In the wake of plans by the West Australian government to close many small indigenous communities, the people of One Arm Point and other remote indigenous communities fear history might soon be repeated.

Comments earlier this week by Prime Minister Tony Abbott that people had made a "lifestyle choice" to live in these communities have intensified local fears people will be forced out of their homes, many of which are on ancestral land.

Western Australian Premier Colin Barnett last year announced that up to 150 of the state's estimated 250 remote indigenous communities might be closed.

His government had accepted an offer from the federal government to assume responsibility for the communities in return for A$90m ($68m, £46m) in funding but then decided it did not have enough money to keep them all open.

The state government says many of these communities - some with as few as five people and few facilities or infrastructure - are not financially viable. It estimates that in one case it is spending A$85,000 per person per year on essential services such as power and running water.

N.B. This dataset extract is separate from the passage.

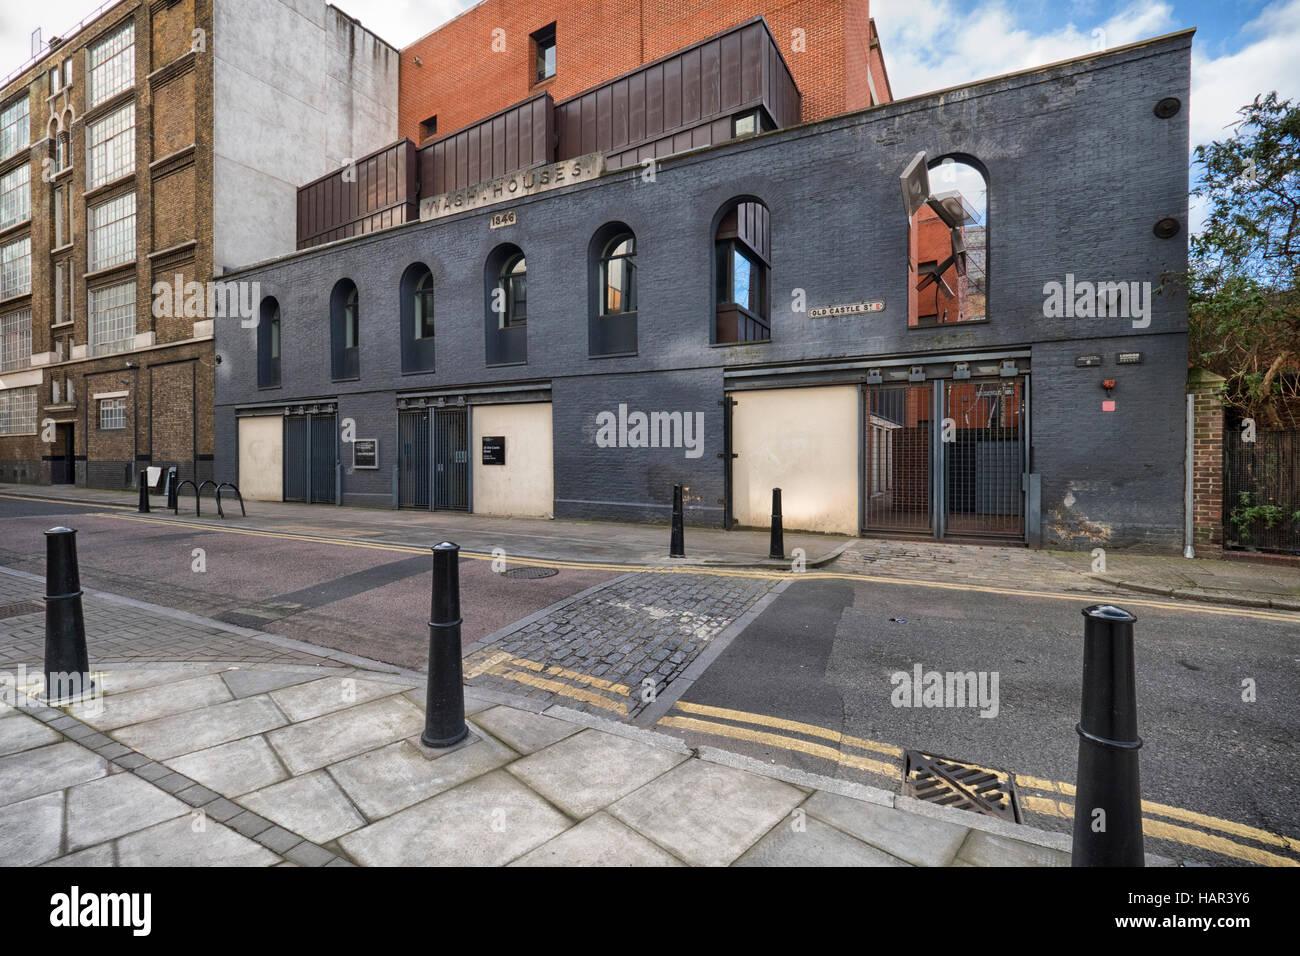 Old Castle Street wash house Whitechapel built in 1846 - Stock Image

Indigenous leaders say there has been no formal evaluation by the government of the costs and no consultation with the people who live there about what they need or expect.

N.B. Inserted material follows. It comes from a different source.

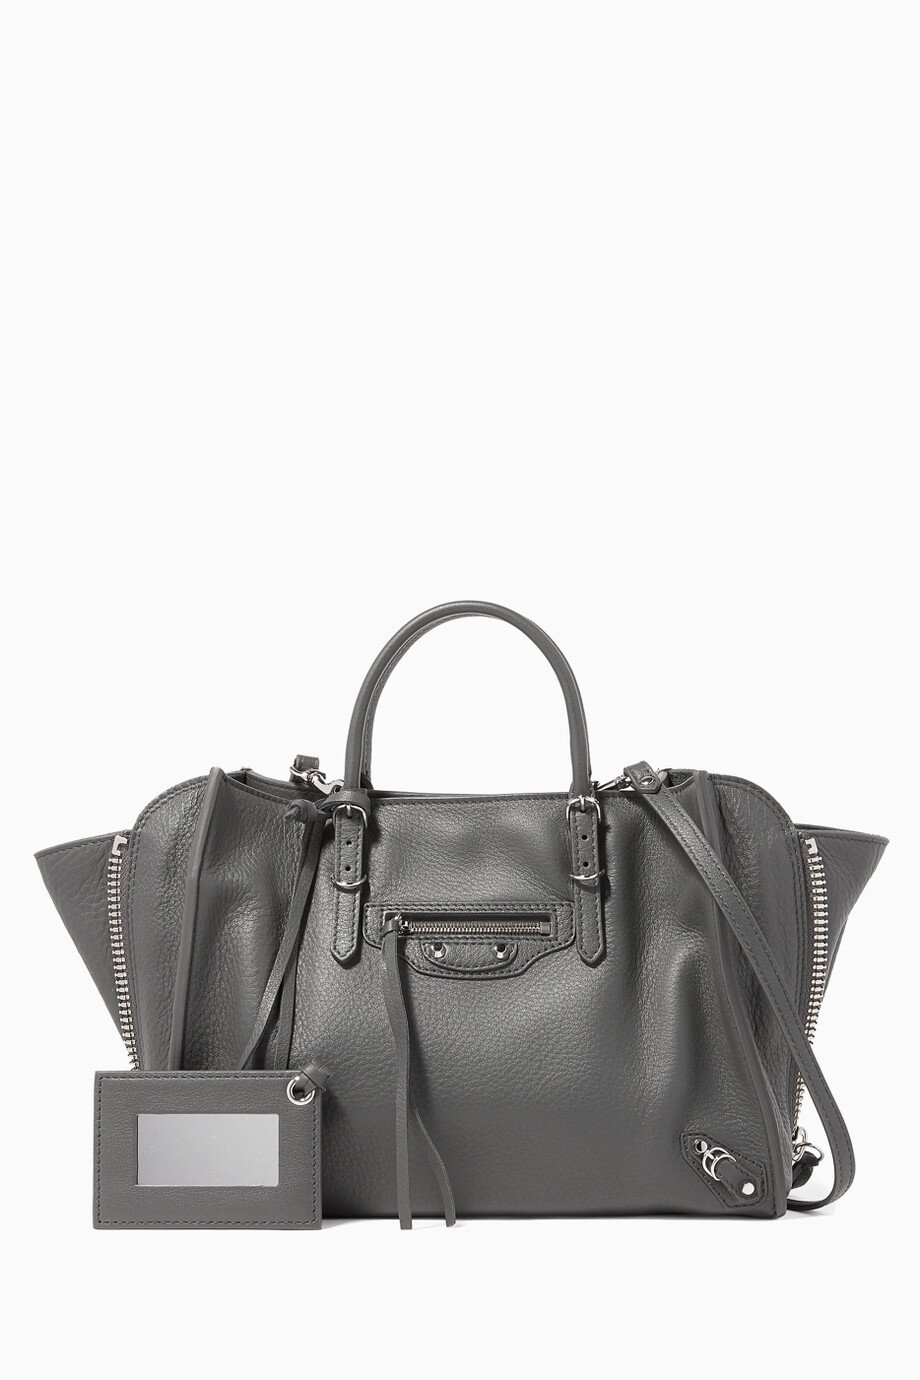 82c1f0a09069 Shop Balenciaga Grey Grey Papier A6 Side-Zip Shoulder Bag for Women ...

The premier also says there is a darker shadow hanging over some of the communities: levels of abuse and neglect of children that are "a disgrace to this state".

'Really creepy'

Similar concerns led to the controversial closure over a couple of years of the Oombulgurri community in the eastern Kimberley region of Western Australia.

A coronial inquiry found the township to be in a state of crisis, with high rates of suicide, sexual abuse, child neglect and domestic violence.

But many of the people living in Oombulgurri didn't want to leave, says Amnesty International's Australian Indigenous Peoples' Rights Manager, Tammy Solonec.

As the government gradually closed vital facilities such as the health clinic, school and police station, and eventually shut off the town's power and water, people were left with no choice but to move out, says Ms Solonec.

When she visited the town last September there was a ghostly atmosphere of abandonment.

Children's drawings were still pinned to school walls, family photos were inside some of the houses, clothes were lying on the ground.

"It was really creepy," recalls Ms Solonec. "There was a suitcase just sitting in the middle of the road... and there were wild horses running around.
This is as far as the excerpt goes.